Privacy and Data Protection Policy

1 Purpose

The purpose of this document is to describe RABET data protection and privacy controls and ensure compliance with data protection and privacy laws and regulations including but not limited to National Data Management office (NDMO). This policy governs and rules the collection, use and disclosure of Personal Identifiable Information (PII) during the usage of the Service and tells the user about the privacy rights and how the law protects his/her data.

1.1 Audience

The document is intended for RABET users.

2 Introduction

In its everyday business operations, RABET makes use of a variety of data about identifiable individuals, including data about:

• Current, past, and prospective employees
• Customers
• Users of its Websites/Applications
• Subscribers
• Other stakeholders

In collecting and using this data, the organization is subject to a variety of legislation controlling how such activities may be carried out and the safeguards that must be put in place to protect it.

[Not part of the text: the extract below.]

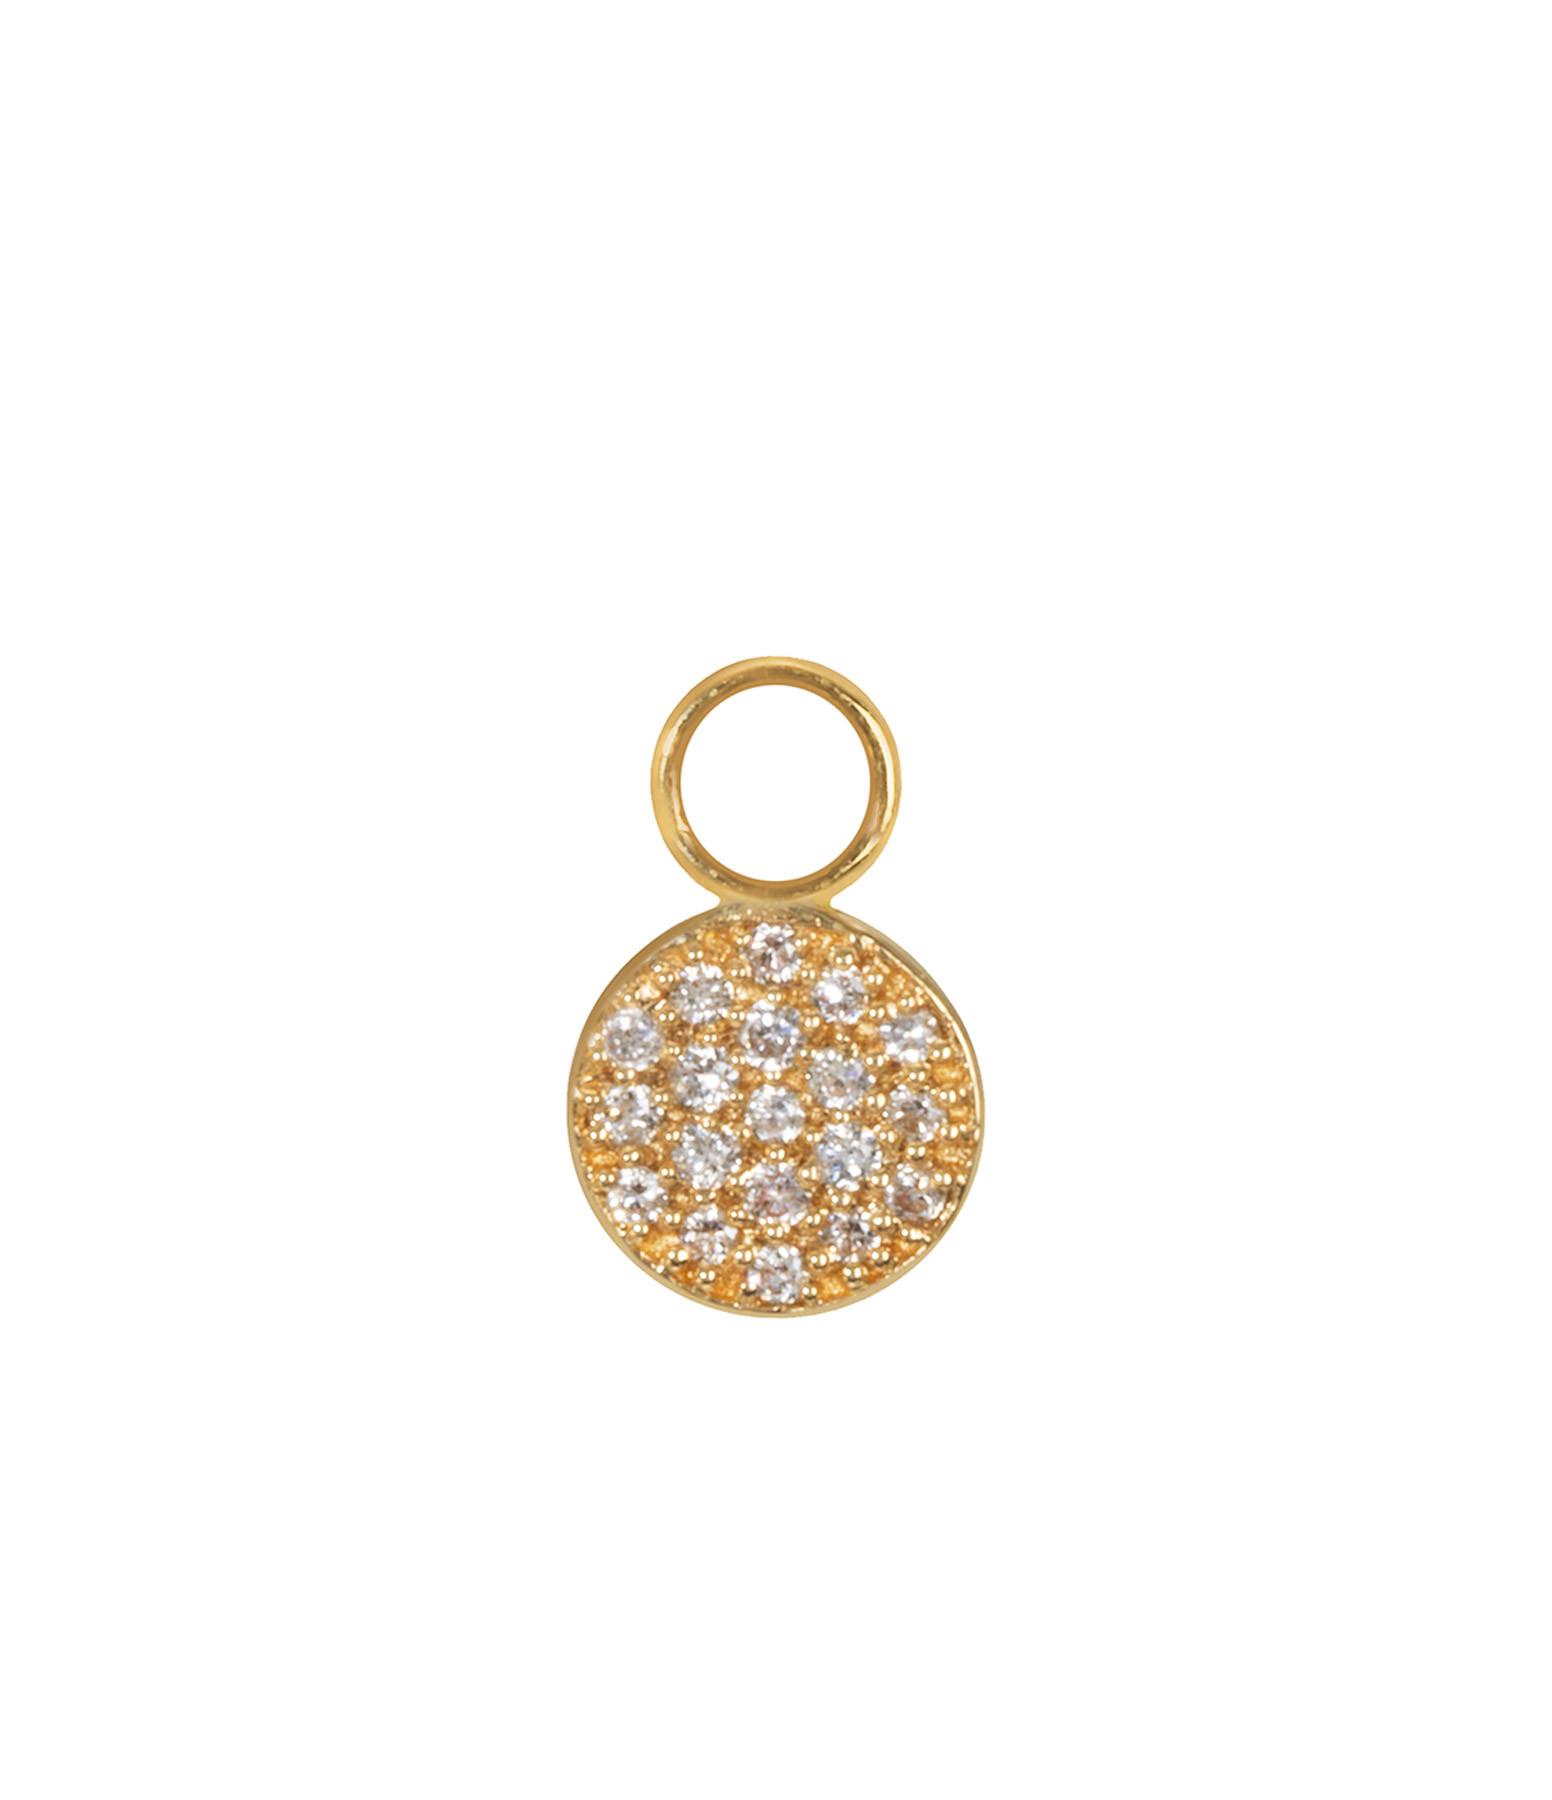 Mini Charm Pastille Or Diamants - AND PARIS

The purpose of this policy is to set out the relevant legislation and to describe the steps RABET is taking to ensure that it complies with it.

This control applies to all systems, people and processes that constitute the organization’s information systems, including board members, directors, employees, suppliers and other third parties who have access to RABET systems.

The following policies and procedures are relevant to this document:

• Information Classification Procedure
• Information Labelling Procedure
• Acceptable Use policy
• Electronic Messaging Policy
• Internet Acceptable Use Policy
• Information Security Incident Response Procedure
• Information Security Roles, Responsibilities and Authorities

3 Privacy and Personal Data Protection Policy

3.1 The National Data Management Office (NDMO)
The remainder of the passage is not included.